TASK DIRECTIONS
With the images removed, write out every line below exactly.

++++ SOURCE MATERIAL

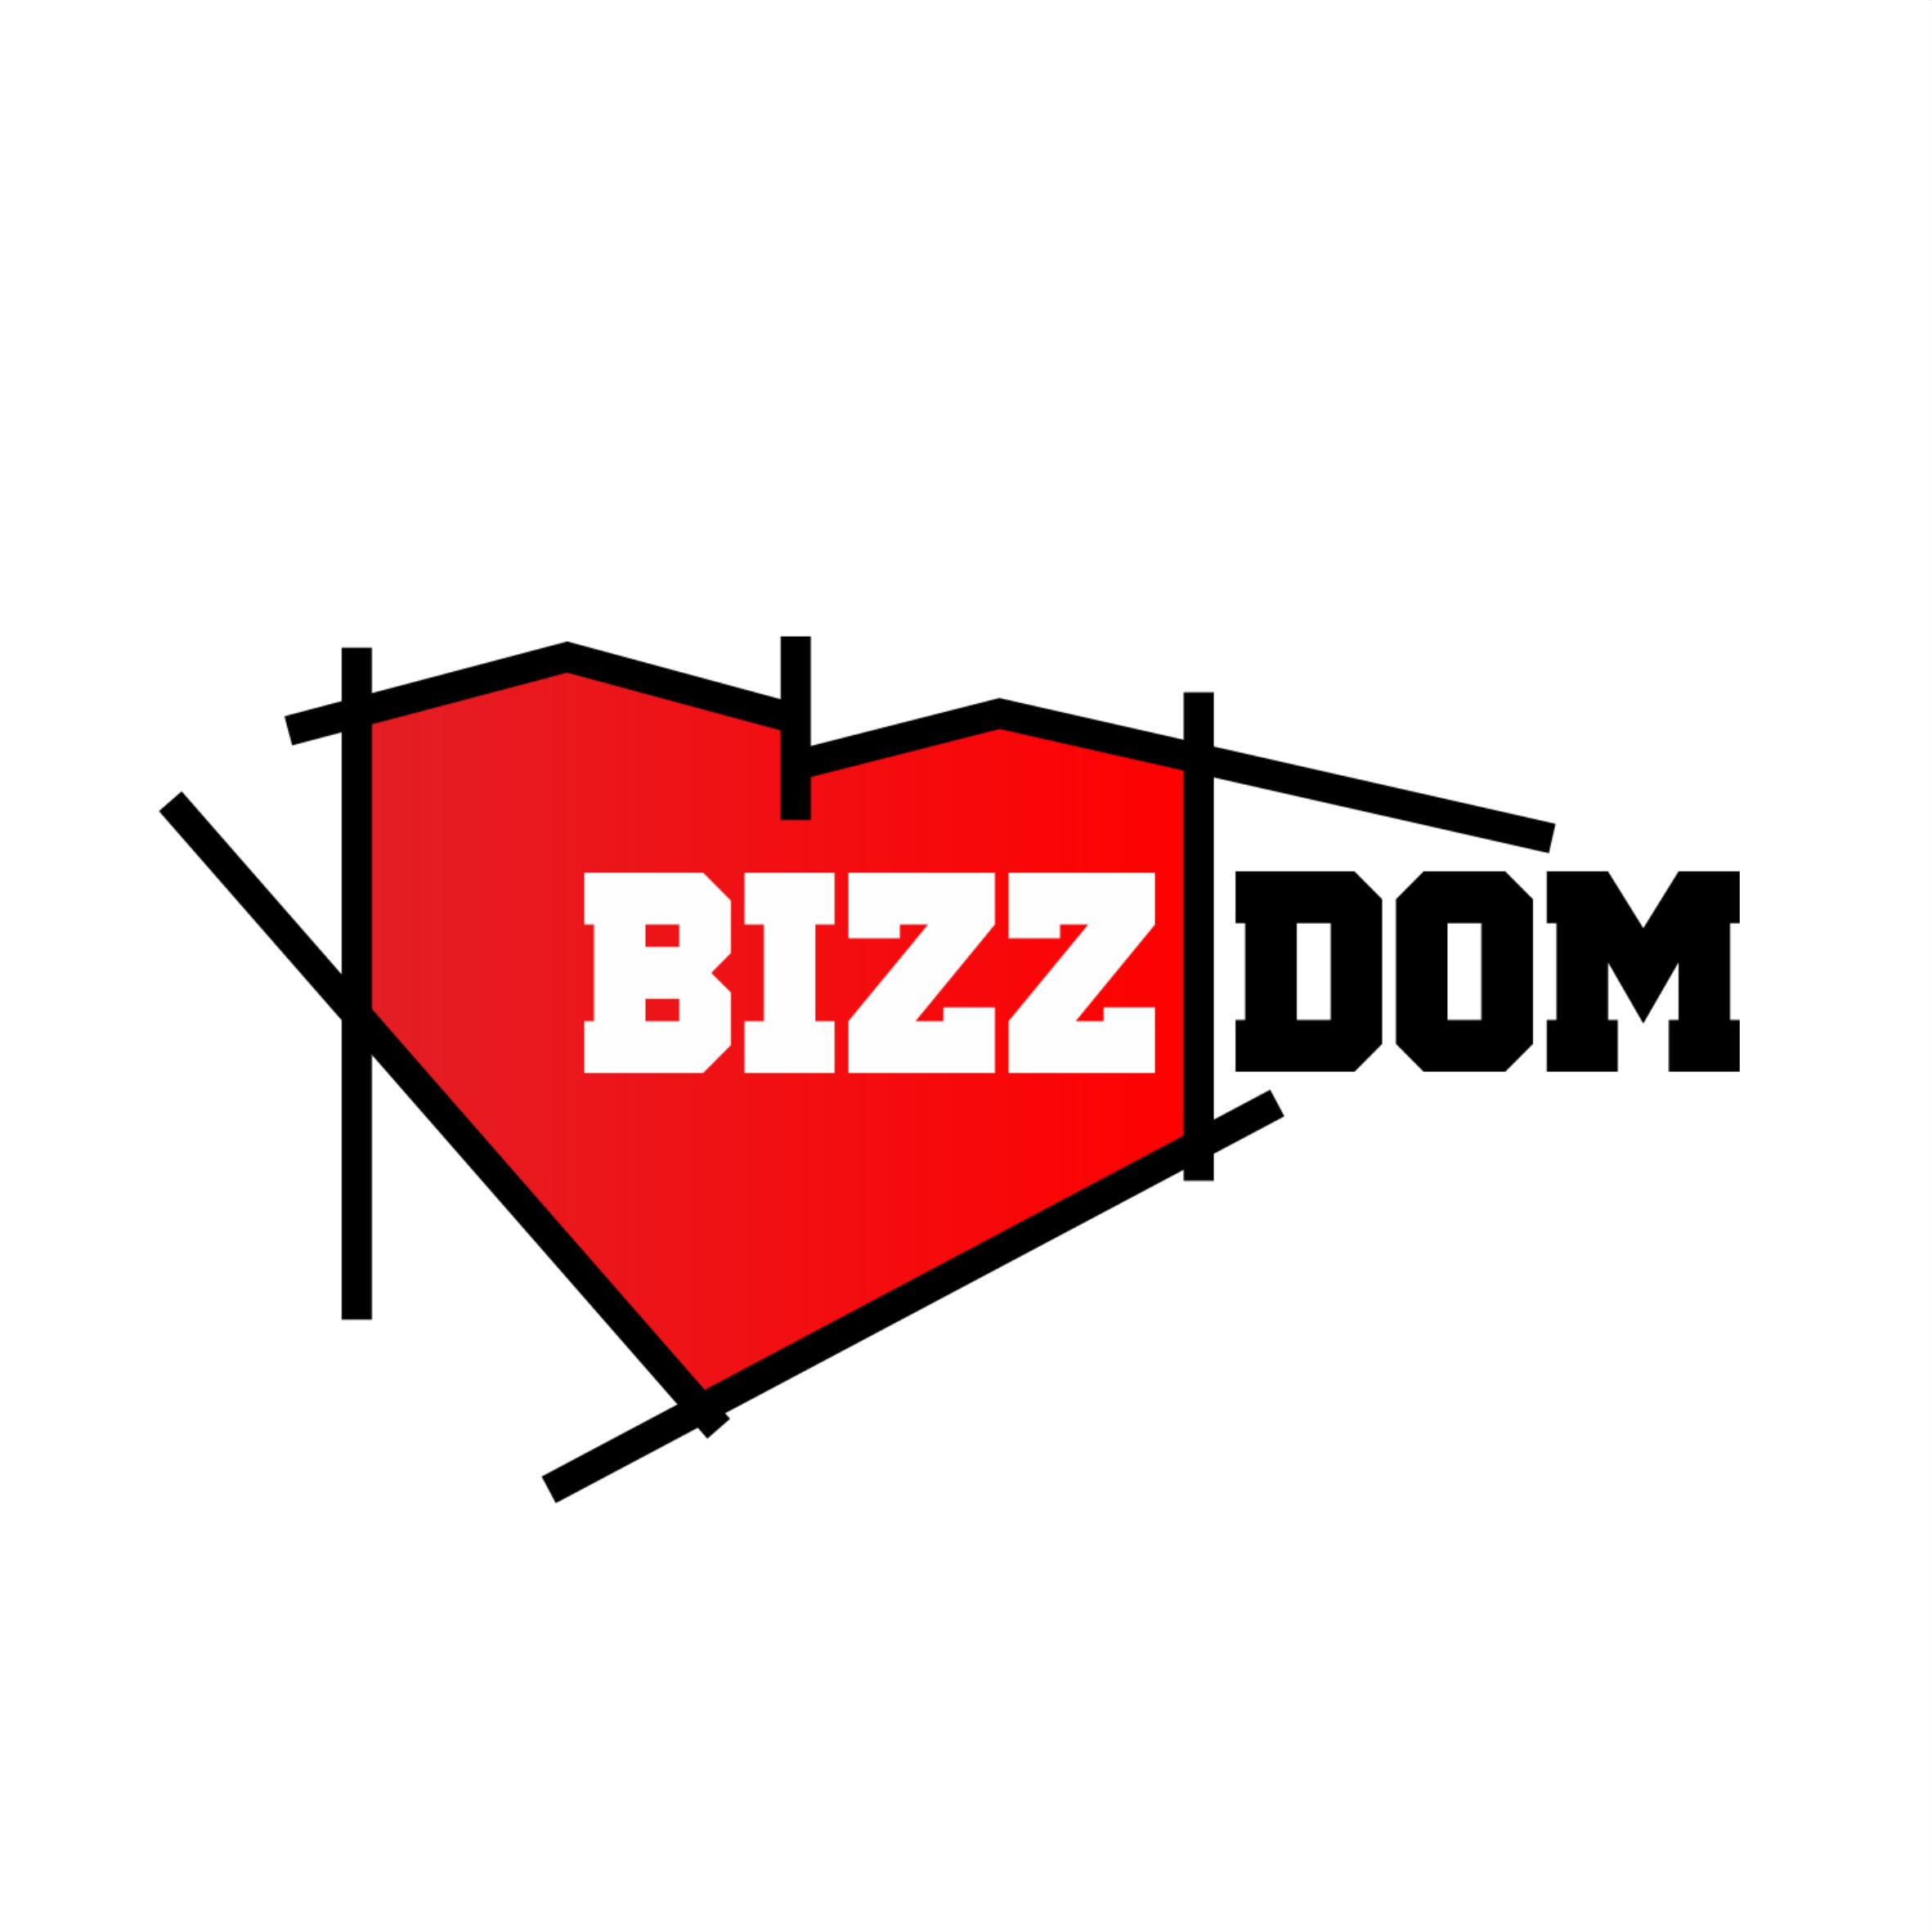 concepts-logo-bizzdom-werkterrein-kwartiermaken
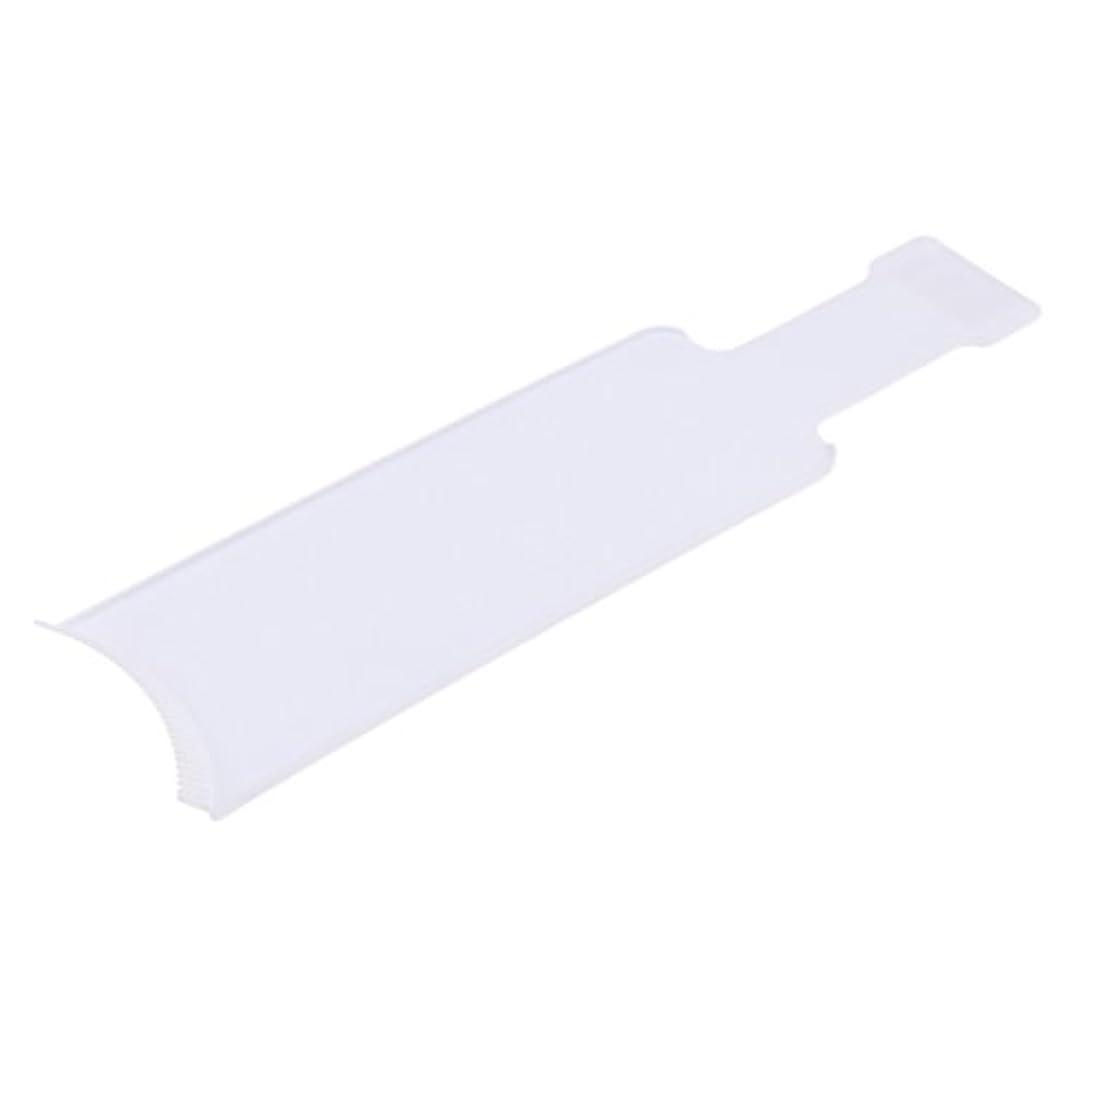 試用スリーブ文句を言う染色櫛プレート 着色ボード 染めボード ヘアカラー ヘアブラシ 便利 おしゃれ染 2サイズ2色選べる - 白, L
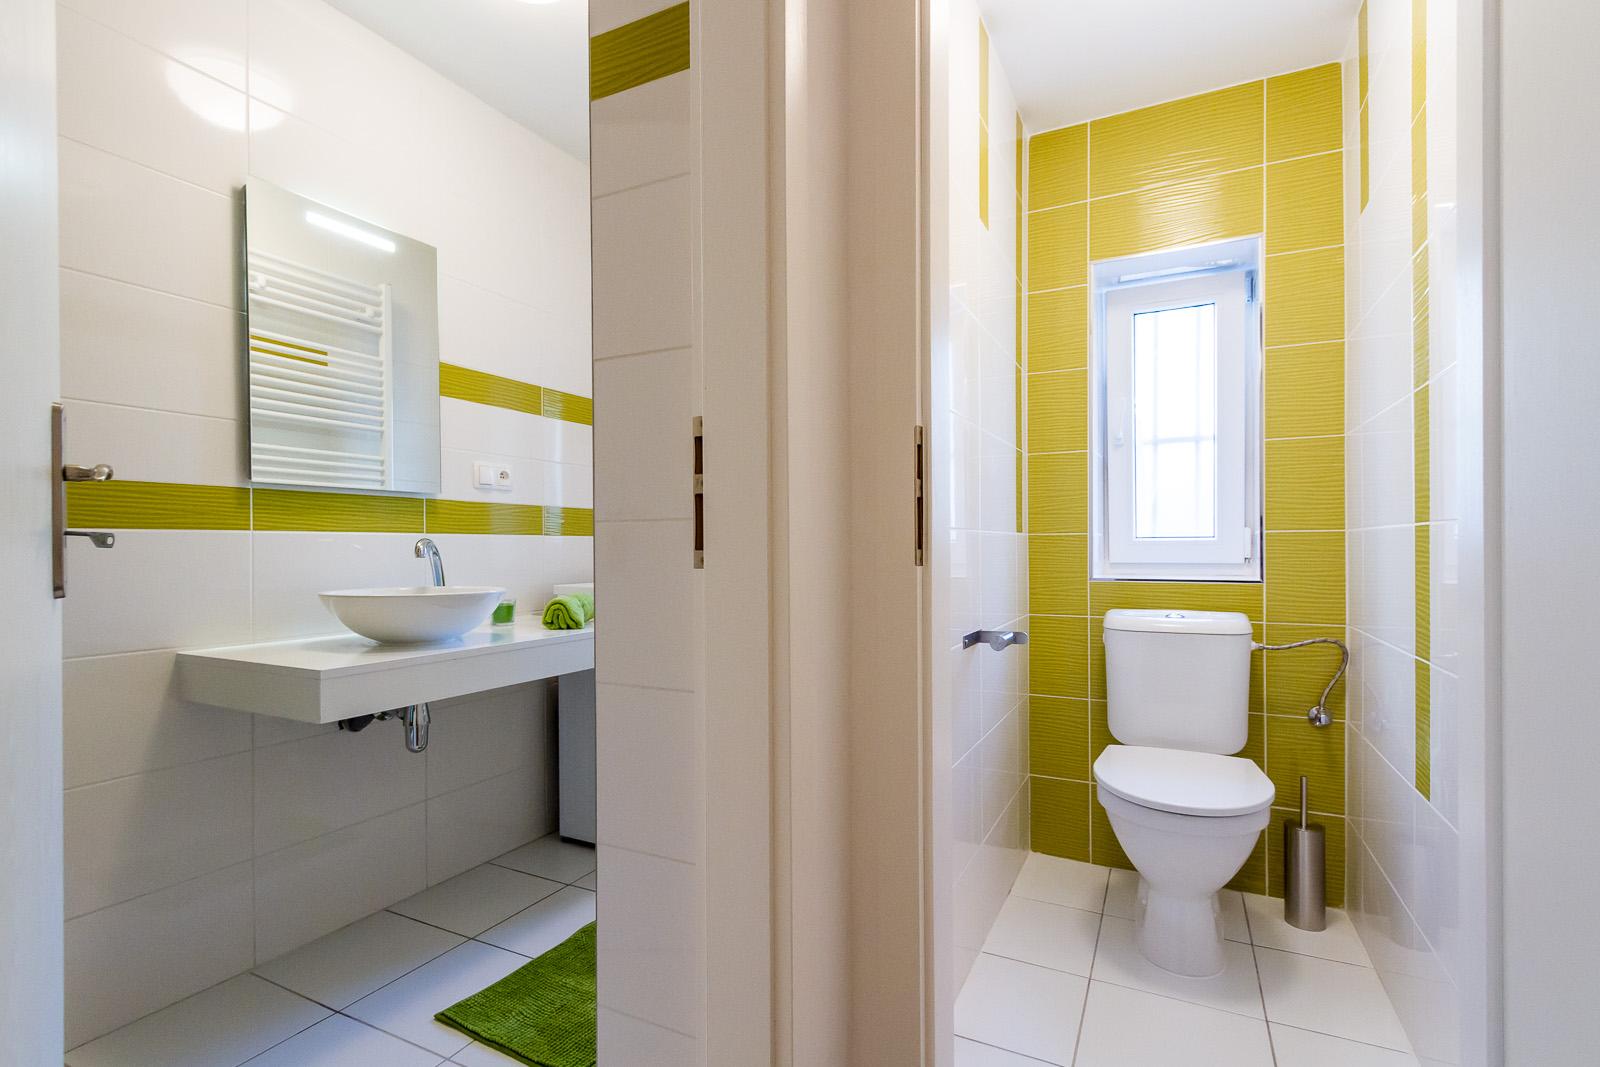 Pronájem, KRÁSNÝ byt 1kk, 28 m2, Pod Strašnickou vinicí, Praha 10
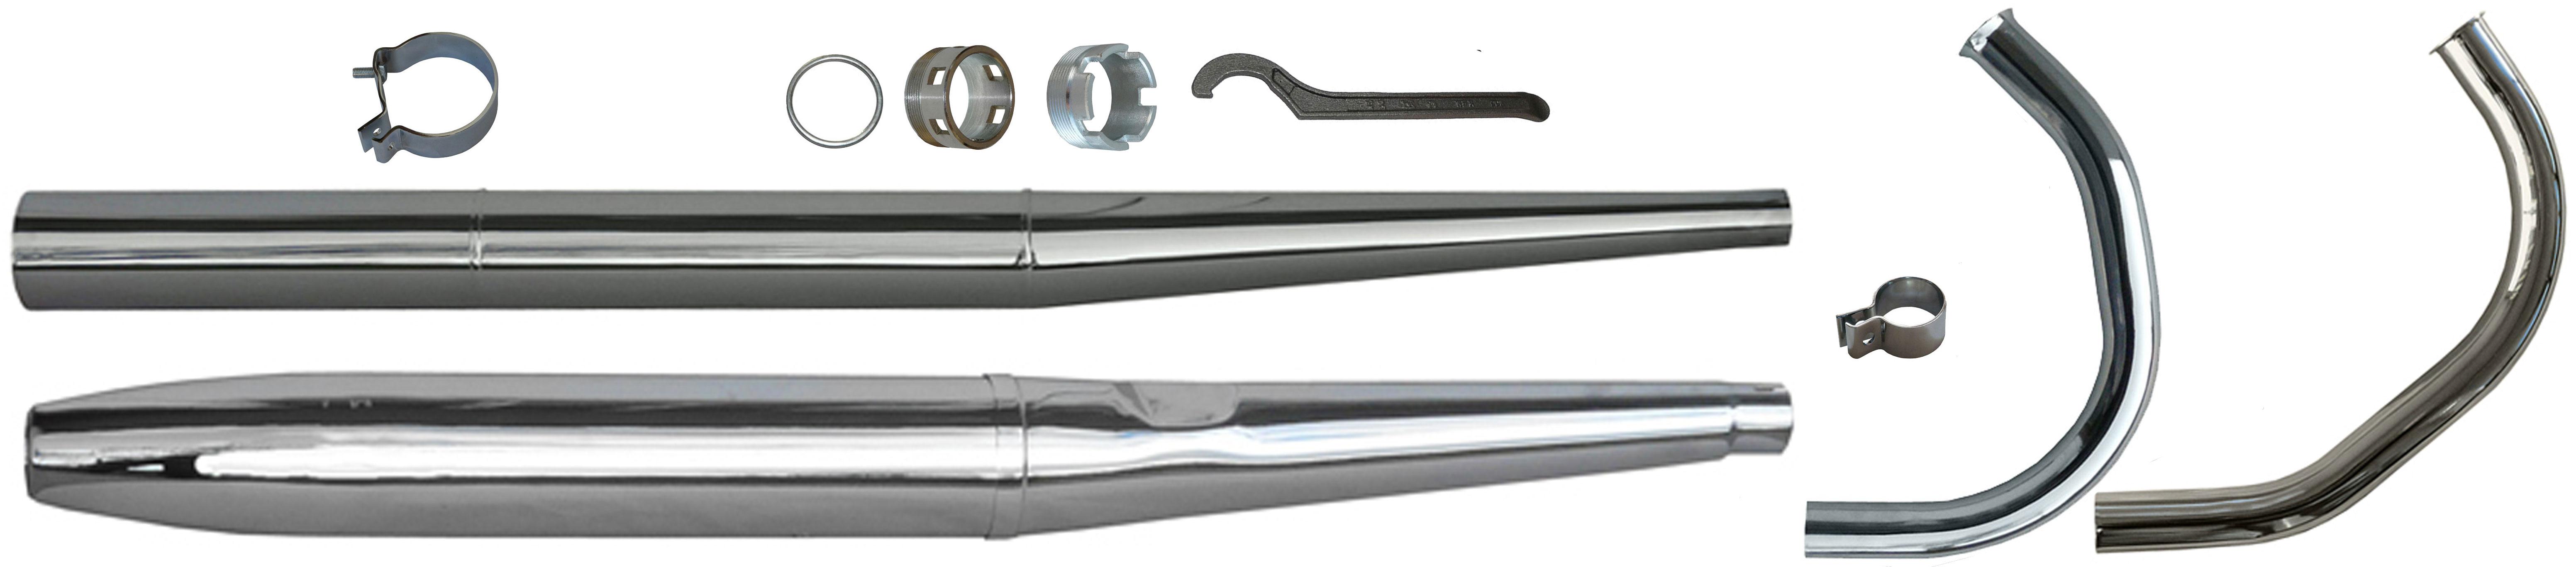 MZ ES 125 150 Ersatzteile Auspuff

++++++++

RESPONSE FOR THIS EXERCISE
 concepts-logo-bizzdom-werkterrein-kwartiermaken
 試用スリーブ文句を言う染色櫛プレート 着色ボード 染めボード ヘアカラー ヘアブラシ 便利 おしゃれ染 2サイズ2色選べる - 白, L
 Pronájem, KRÁSNÝ byt 1kk, 28 m2, Pod Strašnickou vinicí, Praha 10
 MZ ES 125 150 Ersatzteile Auspuff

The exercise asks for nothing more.